The material below contains a line with "Carbonato de Magnesio" and a line with "Happiness Cafe San Jose Menu - 1". Copy exactly those two lines and all lines between them.

################

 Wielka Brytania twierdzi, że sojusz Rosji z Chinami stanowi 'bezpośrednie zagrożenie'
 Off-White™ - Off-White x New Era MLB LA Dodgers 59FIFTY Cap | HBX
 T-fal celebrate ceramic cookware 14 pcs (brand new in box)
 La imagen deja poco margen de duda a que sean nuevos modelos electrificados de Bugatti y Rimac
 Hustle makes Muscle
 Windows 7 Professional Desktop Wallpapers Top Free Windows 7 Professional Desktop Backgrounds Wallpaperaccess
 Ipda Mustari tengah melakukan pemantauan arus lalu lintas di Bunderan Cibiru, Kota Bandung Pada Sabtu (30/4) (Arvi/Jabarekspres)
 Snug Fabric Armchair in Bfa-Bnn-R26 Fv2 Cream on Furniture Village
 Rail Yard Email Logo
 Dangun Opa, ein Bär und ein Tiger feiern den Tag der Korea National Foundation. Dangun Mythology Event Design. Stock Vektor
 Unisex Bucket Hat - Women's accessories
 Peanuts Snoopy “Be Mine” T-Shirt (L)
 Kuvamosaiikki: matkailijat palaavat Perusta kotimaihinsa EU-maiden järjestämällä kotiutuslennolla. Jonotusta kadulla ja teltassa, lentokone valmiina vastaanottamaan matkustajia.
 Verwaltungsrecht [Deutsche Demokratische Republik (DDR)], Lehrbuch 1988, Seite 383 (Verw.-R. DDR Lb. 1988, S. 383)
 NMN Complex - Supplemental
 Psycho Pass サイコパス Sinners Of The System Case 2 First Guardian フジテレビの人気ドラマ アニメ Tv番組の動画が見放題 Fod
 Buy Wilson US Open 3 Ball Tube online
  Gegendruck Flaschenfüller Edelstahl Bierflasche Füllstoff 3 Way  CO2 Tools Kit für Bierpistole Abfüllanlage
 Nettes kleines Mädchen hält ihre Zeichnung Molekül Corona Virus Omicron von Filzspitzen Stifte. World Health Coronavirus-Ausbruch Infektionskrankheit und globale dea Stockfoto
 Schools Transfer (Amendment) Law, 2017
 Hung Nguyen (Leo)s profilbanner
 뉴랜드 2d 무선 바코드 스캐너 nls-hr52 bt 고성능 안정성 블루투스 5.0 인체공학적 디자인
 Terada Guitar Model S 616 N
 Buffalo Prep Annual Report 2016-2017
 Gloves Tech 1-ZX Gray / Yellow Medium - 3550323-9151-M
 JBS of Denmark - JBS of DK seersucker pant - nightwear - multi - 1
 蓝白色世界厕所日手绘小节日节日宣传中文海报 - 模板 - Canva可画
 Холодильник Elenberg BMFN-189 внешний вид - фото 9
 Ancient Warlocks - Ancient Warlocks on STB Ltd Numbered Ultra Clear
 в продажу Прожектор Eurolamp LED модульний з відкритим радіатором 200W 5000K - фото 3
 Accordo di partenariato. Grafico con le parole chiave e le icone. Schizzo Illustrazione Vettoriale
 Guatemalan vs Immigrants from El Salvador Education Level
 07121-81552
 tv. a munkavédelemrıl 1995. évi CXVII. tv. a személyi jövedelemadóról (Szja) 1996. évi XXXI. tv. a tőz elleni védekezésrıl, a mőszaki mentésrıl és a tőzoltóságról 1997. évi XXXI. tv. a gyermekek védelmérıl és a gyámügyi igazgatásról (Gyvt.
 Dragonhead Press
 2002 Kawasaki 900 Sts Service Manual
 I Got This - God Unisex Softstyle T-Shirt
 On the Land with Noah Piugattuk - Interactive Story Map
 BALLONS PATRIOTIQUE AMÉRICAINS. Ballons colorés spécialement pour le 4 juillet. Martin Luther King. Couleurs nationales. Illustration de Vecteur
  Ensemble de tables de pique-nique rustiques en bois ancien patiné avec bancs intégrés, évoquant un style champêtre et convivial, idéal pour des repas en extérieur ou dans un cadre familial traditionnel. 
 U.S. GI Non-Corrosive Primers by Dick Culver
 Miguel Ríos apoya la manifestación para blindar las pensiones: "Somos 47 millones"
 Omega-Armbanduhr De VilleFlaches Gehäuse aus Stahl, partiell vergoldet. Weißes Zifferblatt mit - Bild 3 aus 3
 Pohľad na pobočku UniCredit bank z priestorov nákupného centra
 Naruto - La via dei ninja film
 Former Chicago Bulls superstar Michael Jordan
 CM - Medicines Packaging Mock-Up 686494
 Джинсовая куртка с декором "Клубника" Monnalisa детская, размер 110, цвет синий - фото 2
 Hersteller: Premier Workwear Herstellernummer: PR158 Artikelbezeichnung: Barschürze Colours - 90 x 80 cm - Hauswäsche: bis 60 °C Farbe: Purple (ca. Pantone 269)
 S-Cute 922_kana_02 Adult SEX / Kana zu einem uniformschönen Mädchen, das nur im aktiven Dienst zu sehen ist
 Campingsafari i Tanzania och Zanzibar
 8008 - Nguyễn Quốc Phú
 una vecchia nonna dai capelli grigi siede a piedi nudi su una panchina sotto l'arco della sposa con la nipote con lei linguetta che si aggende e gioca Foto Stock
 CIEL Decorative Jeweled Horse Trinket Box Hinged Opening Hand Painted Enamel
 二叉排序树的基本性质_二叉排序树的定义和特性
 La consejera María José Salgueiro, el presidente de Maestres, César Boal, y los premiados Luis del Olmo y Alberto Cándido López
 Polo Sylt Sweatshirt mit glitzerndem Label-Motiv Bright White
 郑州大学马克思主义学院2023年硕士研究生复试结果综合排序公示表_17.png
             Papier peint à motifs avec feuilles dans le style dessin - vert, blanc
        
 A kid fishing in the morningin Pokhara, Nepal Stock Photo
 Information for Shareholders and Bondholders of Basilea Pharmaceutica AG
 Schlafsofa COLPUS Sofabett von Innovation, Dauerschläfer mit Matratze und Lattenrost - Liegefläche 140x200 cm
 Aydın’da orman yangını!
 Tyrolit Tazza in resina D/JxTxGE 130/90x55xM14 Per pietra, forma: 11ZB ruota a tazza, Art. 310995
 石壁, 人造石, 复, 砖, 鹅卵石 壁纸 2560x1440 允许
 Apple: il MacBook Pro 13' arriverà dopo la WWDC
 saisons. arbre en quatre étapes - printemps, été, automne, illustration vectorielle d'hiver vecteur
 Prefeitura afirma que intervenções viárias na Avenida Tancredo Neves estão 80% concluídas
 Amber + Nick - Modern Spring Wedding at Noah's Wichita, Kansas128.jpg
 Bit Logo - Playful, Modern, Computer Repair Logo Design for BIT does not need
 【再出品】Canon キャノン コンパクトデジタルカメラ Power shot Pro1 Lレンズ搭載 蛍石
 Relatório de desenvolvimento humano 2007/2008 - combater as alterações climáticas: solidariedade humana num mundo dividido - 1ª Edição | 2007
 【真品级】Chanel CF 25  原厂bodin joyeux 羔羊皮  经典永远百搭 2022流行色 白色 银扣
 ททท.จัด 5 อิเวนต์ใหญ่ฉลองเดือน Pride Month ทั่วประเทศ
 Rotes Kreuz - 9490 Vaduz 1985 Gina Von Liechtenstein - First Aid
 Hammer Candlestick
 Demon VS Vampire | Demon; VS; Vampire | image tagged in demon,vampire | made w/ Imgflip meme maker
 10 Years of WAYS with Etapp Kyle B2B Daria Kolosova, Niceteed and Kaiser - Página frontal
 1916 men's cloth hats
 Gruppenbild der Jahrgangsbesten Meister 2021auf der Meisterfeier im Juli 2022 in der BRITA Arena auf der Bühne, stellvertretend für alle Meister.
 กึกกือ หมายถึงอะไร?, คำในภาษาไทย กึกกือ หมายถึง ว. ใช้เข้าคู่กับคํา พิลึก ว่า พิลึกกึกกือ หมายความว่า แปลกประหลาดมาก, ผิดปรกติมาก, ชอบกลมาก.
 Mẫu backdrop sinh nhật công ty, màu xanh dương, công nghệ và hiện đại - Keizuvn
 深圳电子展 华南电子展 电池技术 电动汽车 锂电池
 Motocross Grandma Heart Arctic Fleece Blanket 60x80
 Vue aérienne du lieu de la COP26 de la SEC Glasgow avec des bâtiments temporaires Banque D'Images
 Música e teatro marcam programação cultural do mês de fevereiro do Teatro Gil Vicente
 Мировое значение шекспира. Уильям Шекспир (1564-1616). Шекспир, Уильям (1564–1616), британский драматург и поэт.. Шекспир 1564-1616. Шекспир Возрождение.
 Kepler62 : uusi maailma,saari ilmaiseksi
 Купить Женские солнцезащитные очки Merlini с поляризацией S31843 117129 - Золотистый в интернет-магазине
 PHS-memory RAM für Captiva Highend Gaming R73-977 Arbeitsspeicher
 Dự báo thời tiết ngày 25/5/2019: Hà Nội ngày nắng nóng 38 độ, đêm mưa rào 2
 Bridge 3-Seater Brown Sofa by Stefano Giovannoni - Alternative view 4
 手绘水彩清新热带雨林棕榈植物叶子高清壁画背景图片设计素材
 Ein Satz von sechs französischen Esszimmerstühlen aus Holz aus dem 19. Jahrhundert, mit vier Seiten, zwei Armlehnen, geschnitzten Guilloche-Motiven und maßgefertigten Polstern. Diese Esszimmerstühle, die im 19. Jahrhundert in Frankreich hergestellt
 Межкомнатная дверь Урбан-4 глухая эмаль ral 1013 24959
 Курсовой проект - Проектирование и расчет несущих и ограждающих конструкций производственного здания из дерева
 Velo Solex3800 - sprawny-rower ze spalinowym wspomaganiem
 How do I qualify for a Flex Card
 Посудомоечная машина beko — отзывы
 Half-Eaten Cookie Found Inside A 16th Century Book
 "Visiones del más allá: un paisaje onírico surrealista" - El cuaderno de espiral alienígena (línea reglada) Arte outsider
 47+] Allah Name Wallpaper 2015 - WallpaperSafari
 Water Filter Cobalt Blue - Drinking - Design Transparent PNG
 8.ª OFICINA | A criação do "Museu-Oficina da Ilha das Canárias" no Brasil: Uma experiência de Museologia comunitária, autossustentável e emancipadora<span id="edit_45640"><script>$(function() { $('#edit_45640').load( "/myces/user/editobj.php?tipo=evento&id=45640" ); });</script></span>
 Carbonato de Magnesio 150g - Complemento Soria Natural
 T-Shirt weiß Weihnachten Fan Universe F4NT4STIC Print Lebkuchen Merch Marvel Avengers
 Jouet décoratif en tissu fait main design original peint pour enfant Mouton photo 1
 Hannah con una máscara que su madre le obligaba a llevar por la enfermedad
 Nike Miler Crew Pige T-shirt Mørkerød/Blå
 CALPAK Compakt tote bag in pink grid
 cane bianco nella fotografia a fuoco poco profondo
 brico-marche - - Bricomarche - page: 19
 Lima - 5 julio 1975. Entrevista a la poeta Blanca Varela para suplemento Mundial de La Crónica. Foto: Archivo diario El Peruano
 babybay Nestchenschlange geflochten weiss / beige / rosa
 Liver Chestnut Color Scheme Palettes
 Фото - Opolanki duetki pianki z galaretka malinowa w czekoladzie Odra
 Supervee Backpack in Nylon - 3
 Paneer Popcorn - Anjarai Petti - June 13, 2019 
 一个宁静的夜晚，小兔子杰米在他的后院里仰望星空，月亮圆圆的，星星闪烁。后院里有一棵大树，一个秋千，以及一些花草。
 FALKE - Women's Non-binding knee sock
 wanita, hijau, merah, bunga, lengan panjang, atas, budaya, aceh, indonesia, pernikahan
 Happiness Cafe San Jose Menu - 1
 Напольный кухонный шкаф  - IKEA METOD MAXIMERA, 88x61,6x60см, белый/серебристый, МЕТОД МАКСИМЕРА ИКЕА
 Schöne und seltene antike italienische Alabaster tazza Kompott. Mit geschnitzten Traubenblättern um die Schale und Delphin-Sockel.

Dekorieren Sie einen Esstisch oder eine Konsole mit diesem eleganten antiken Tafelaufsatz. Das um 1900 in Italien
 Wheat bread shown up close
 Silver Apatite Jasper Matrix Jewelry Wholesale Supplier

################

**Written response**
 Carbonato de Magnesio 150g - Complemento Soria Natural
 T-Shirt weiß Weihnachten Fan Universe F4NT4STIC Print Lebkuchen Merch Marvel Avengers
 Jouet décoratif en tissu fait main design original peint pour enfant Mouton photo 1
 Hannah con una máscara que su madre le obligaba a llevar por la enfermedad
 Nike Miler Crew Pige T-shirt Mørkerød/Blå
 CALPAK Compakt tote bag in pink grid
 cane bianco nella fotografia a fuoco poco profondo
 brico-marche - - Bricomarche - page: 19
 Lima - 5 julio 1975. Entrevista a la poeta Blanca Varela para suplemento Mundial de La Crónica. Foto: Archivo diario El Peruano
 babybay Nestchenschlange geflochten weiss / beige / rosa
 Liver Chestnut Color Scheme Palettes
 Фото - Opolanki duetki pianki z galaretka malinowa w czekoladzie Odra
 Supervee Backpack in Nylon - 3
 Paneer Popcorn - Anjarai Petti - June 13, 2019 
 一个宁静的夜晚，小兔子杰米在他的后院里仰望星空，月亮圆圆的，星星闪烁。后院里有一棵大树，一个秋千，以及一些花草。
 FALKE - Women's Non-binding knee sock
 wanita, hijau, merah, bunga, lengan panjang, atas, budaya, aceh, indonesia, pernikahan
 Happiness Cafe San Jose Menu - 1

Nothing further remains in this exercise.